Topic: Inferring decidability

Bolton Bailey (Apr 17 2022 at 01:40):

The following mwe comes from some experiments we were running on the speed of the Miller-Rabin test. Lean has no trouble figuring out that equality on zmod is decidable when evaluating fast_strong_probable_prime, but it somehow won't infer this when evaluating fermat_strong_probable_prime.
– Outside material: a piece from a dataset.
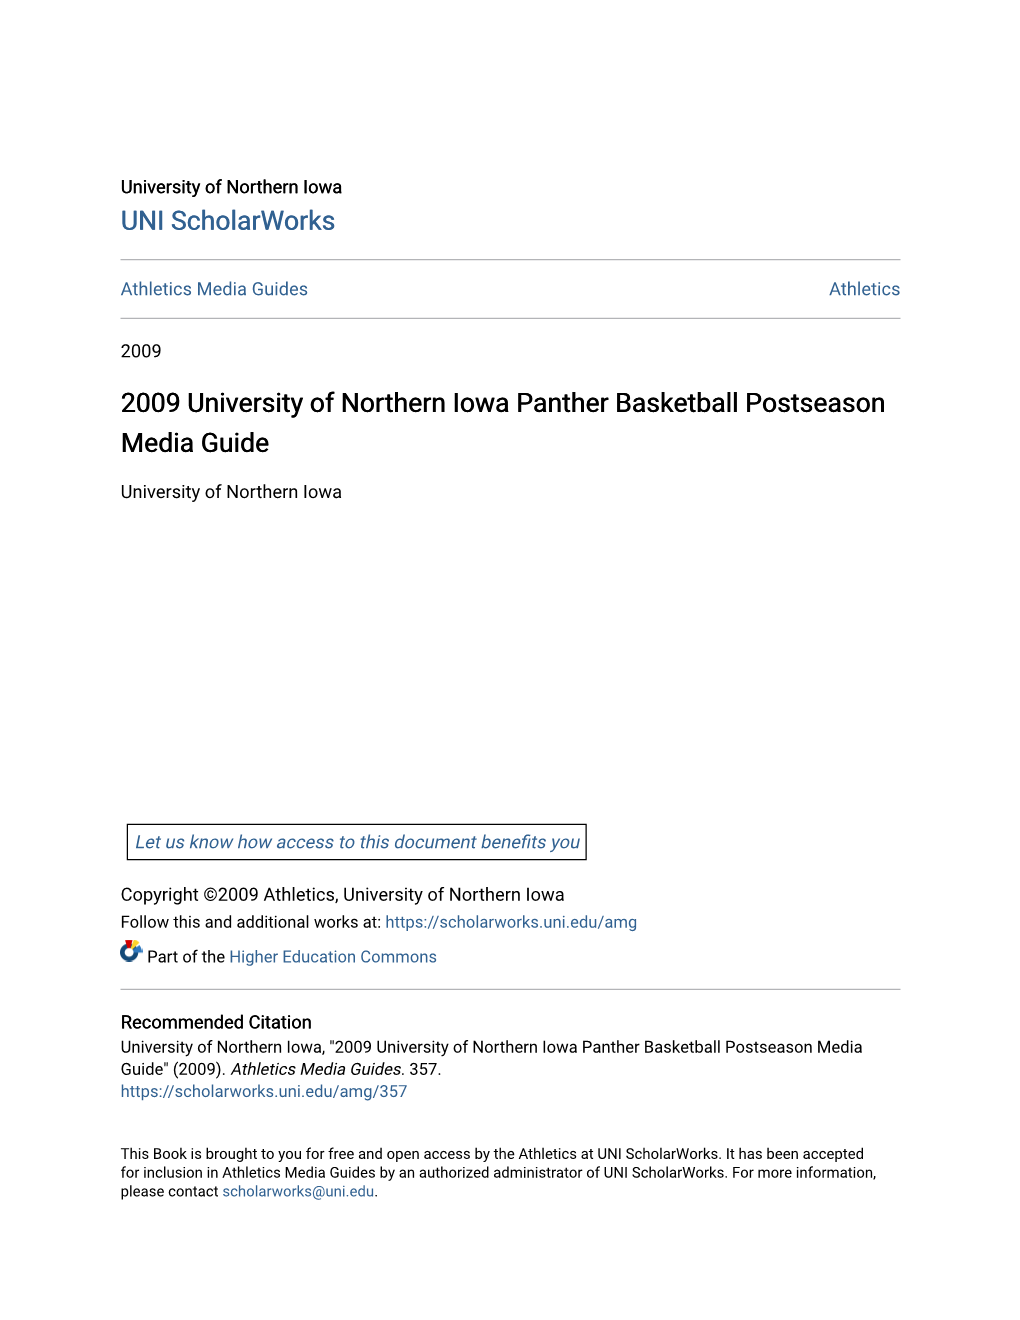 2009 University of Northern Iowa Panther Basketball Postseason Media Guide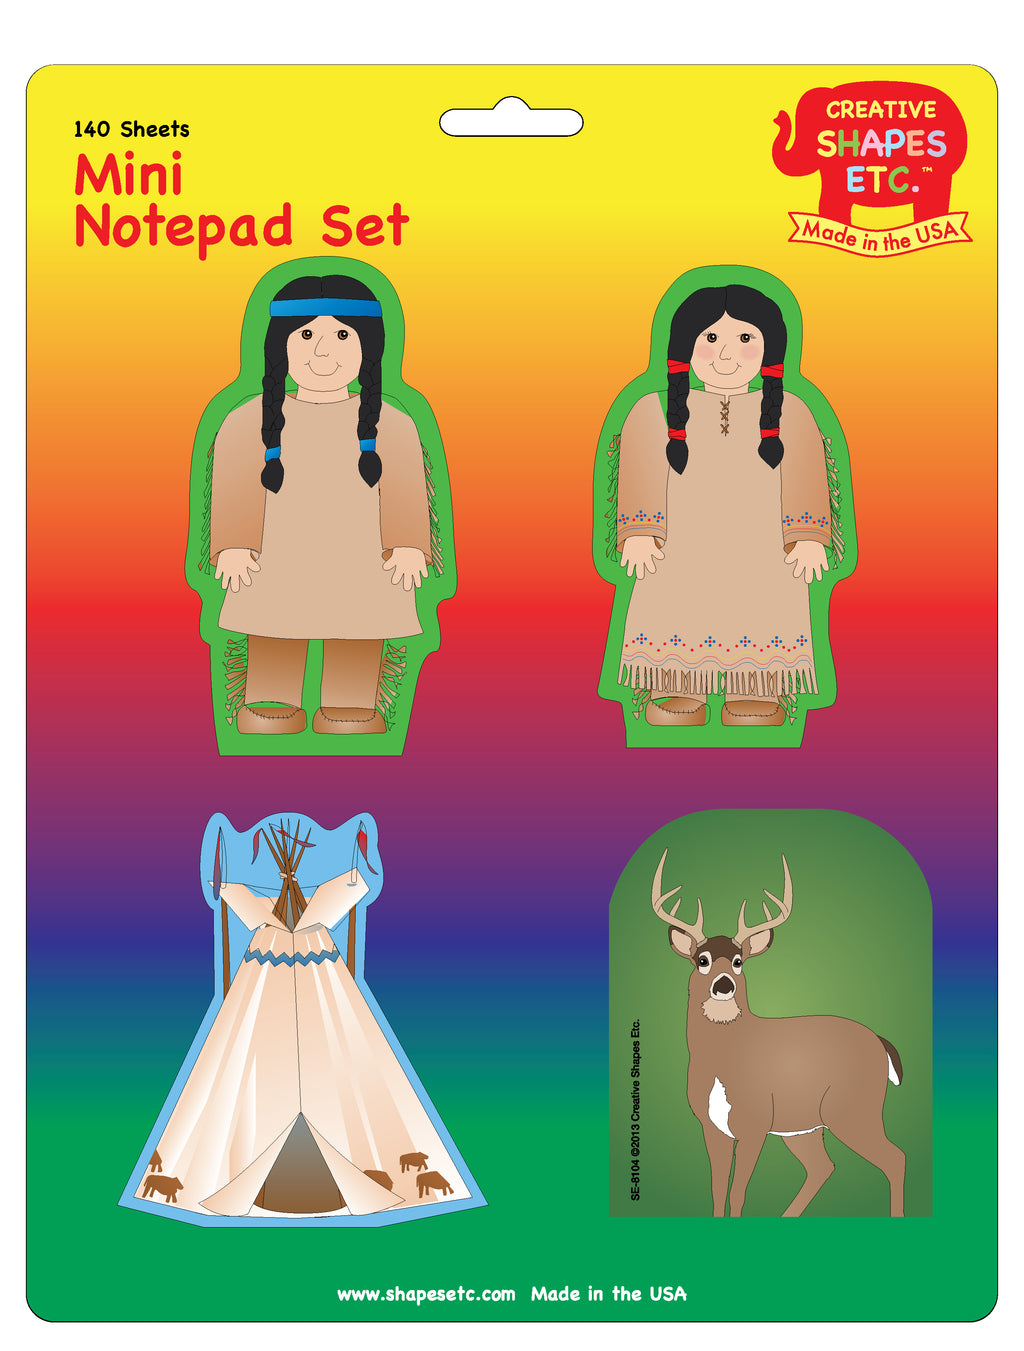 Mini Notepad Set - Native American - Creative Shapes Etc.

Why is this? In fact, why is it even necessary to write or.decidable to prove fast_strong_probable_prime is decidable? Shouldn't the typeclass inference system know this already without having to be told?

import data.zmod.basic

def binpow {M} [has_one M] [has_mul M] (m : M) : ℕ → M :=
nat.binary_rec 1 (λ b _ ih, let ih2 := ih * ih in cond b (m * ih2) ih2)

def fast_two_multiplicity : ℕ → ℕ :=
nat.binary_rec 0 (λ b _ ih, cond b 0 (ih+1))

def fast_odd_part (n : ℕ) := n / (2 ^ fast_two_multiplicity n)

def fast_strong_probable_prime (n : nat) (a : zmod n) : Prop :=
binpow a (fast_odd_part (n-1)) = 1
∨ (∃ r : ℕ, r < fast_two_multiplicity (n-1) ∧ binpow a (2^r * fast_odd_part(n-1)) = -1)

def fermat_strong_probable_prime (n : nat) (a : zmod n) : Prop :=
binpow a (n-1) = 1

instance {n : ℕ} {a : zmod n} : decidable (fast_strong_probable_prime n a) := or.decidable

#eval to_bool (fast_strong_probable_prime 1241213 3)

-- instance {n : ℕ} {a : zmod n} : decidable (fermat_strong_probable_prime n a) := sorry

#eval to_bool (fermat_strong_probable_prime 1241213 3)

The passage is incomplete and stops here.